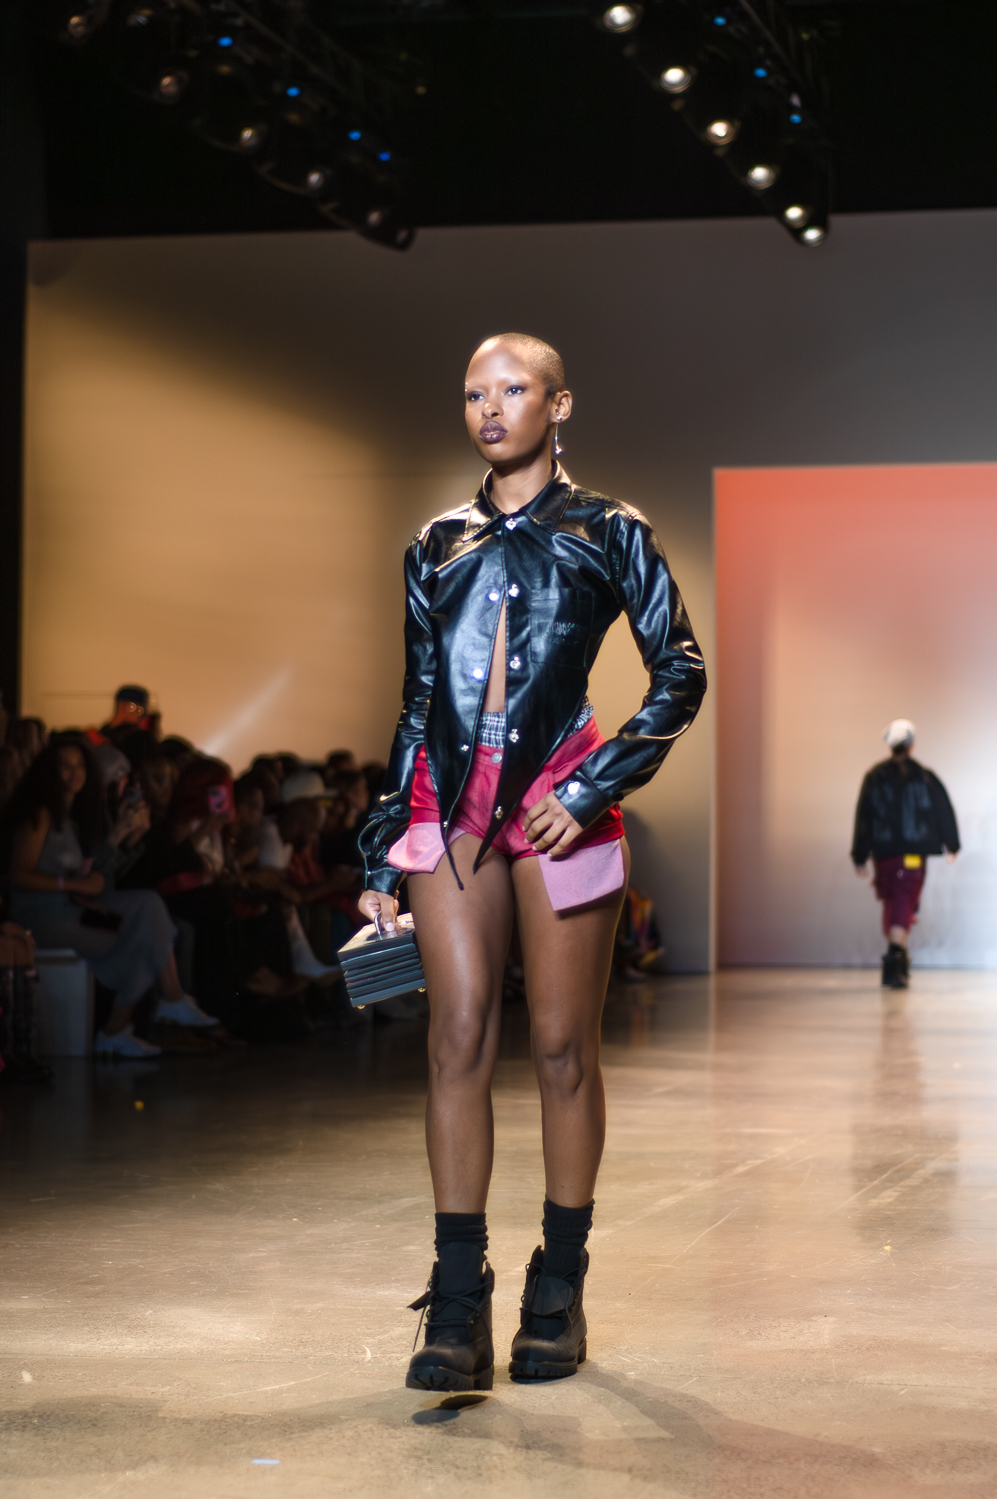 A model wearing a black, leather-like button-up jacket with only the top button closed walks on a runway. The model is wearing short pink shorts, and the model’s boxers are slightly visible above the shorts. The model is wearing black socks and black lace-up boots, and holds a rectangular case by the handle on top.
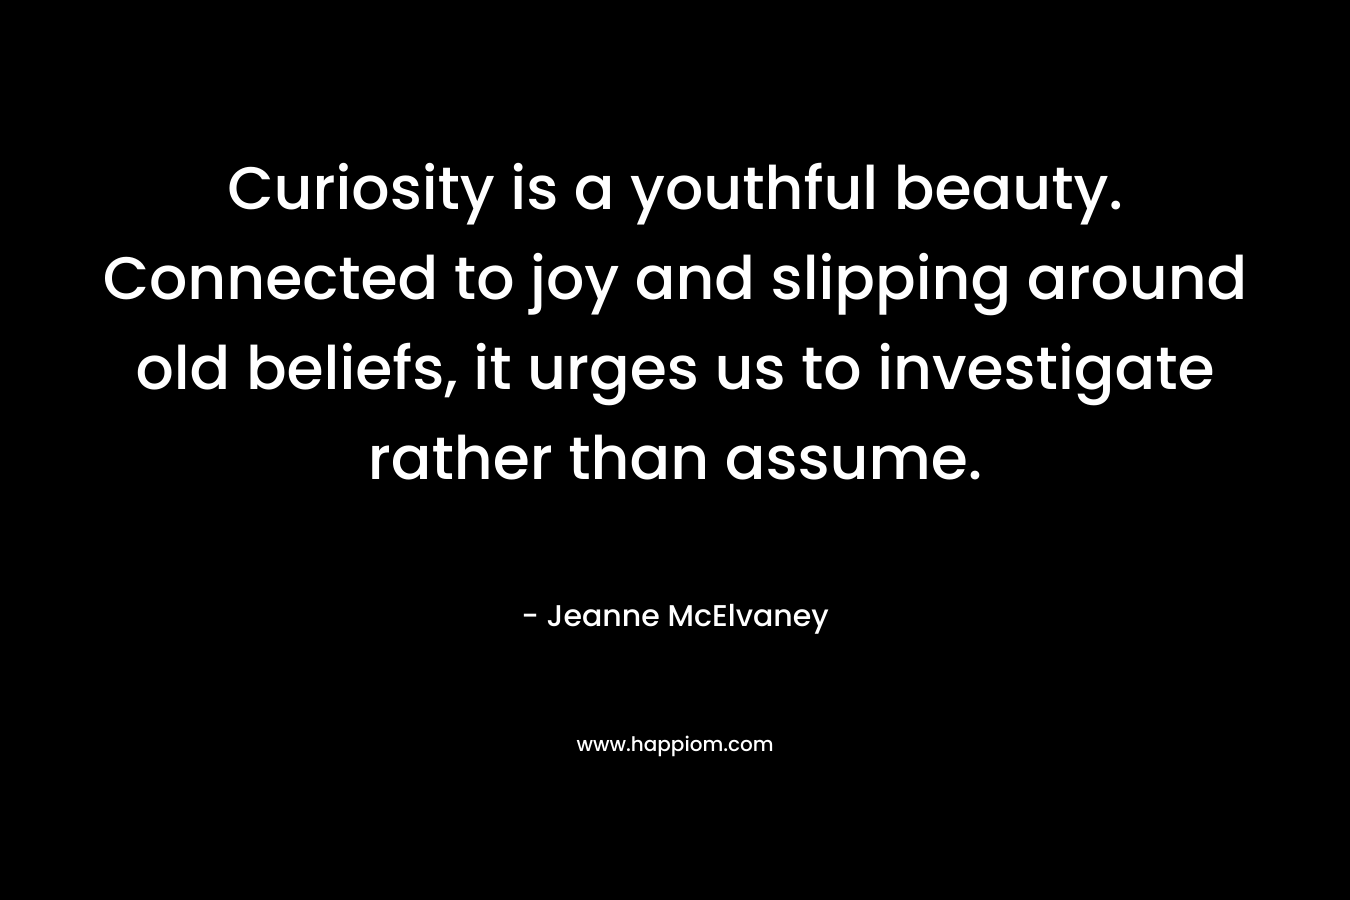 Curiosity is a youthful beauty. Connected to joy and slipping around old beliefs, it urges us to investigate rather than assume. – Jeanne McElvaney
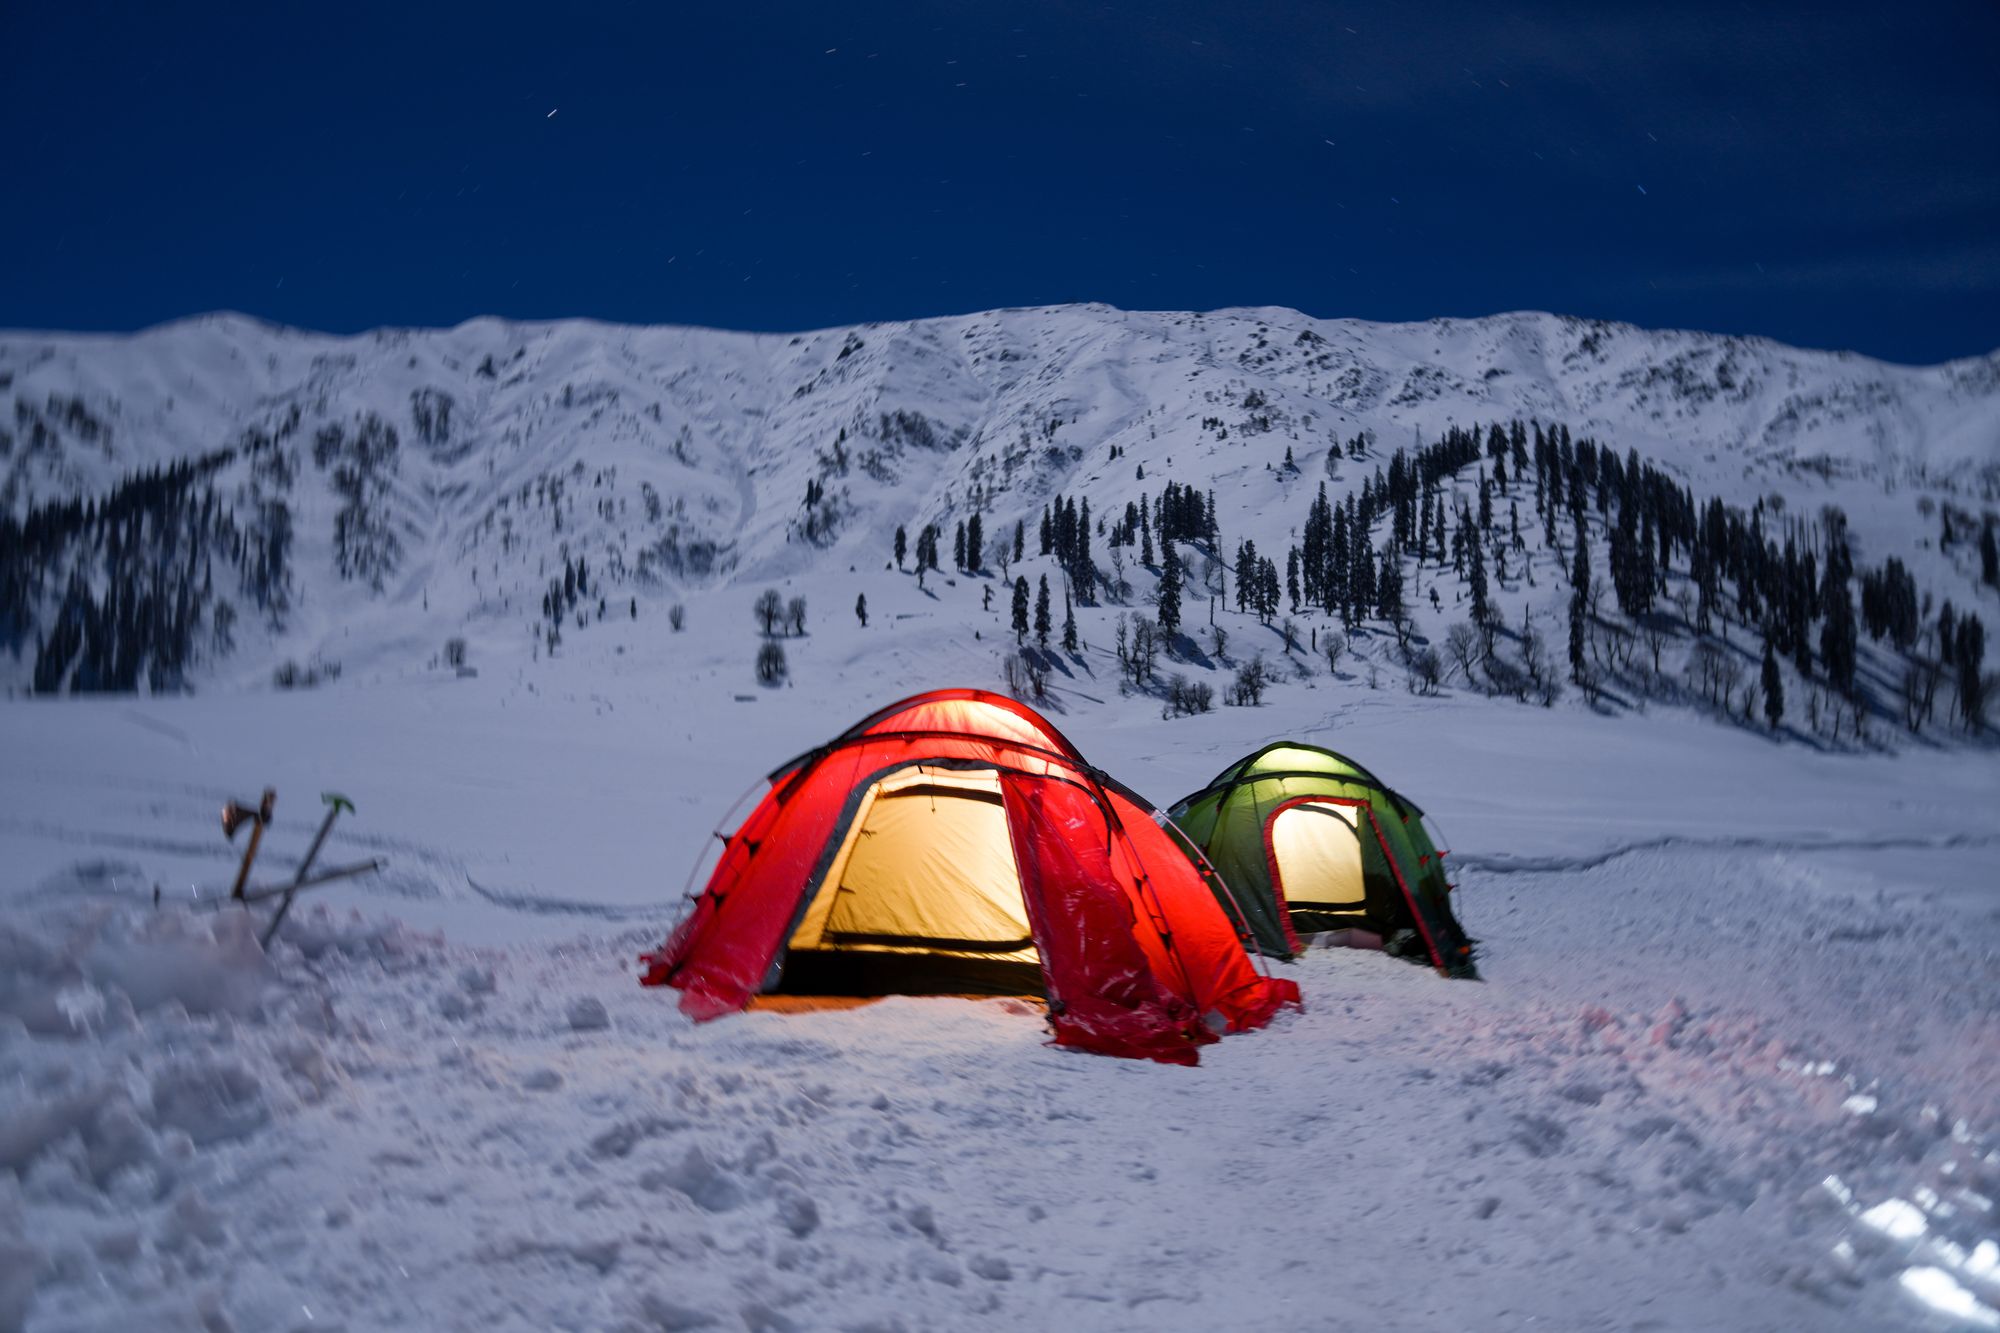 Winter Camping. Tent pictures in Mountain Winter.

● About this exercise
Write out the data word for word. Any picture is to be skipped.

● Reply to the task
 A model wearing a black, leather-like button-up jacket with only the top button closed walks on a runway. The model is wearing short pink shorts, and the model’s boxers are slightly visible above the shorts. The model is wearing black socks and black lace-up boots, and holds a rectangular case by the handle on top.
 Curiosity is a youthful beauty. Connected to joy and slipping around old beliefs, it urges us to investigate rather than assume. – Jeanne McElvaney
 Winter Camping. Tent pictures in Mountain Winter.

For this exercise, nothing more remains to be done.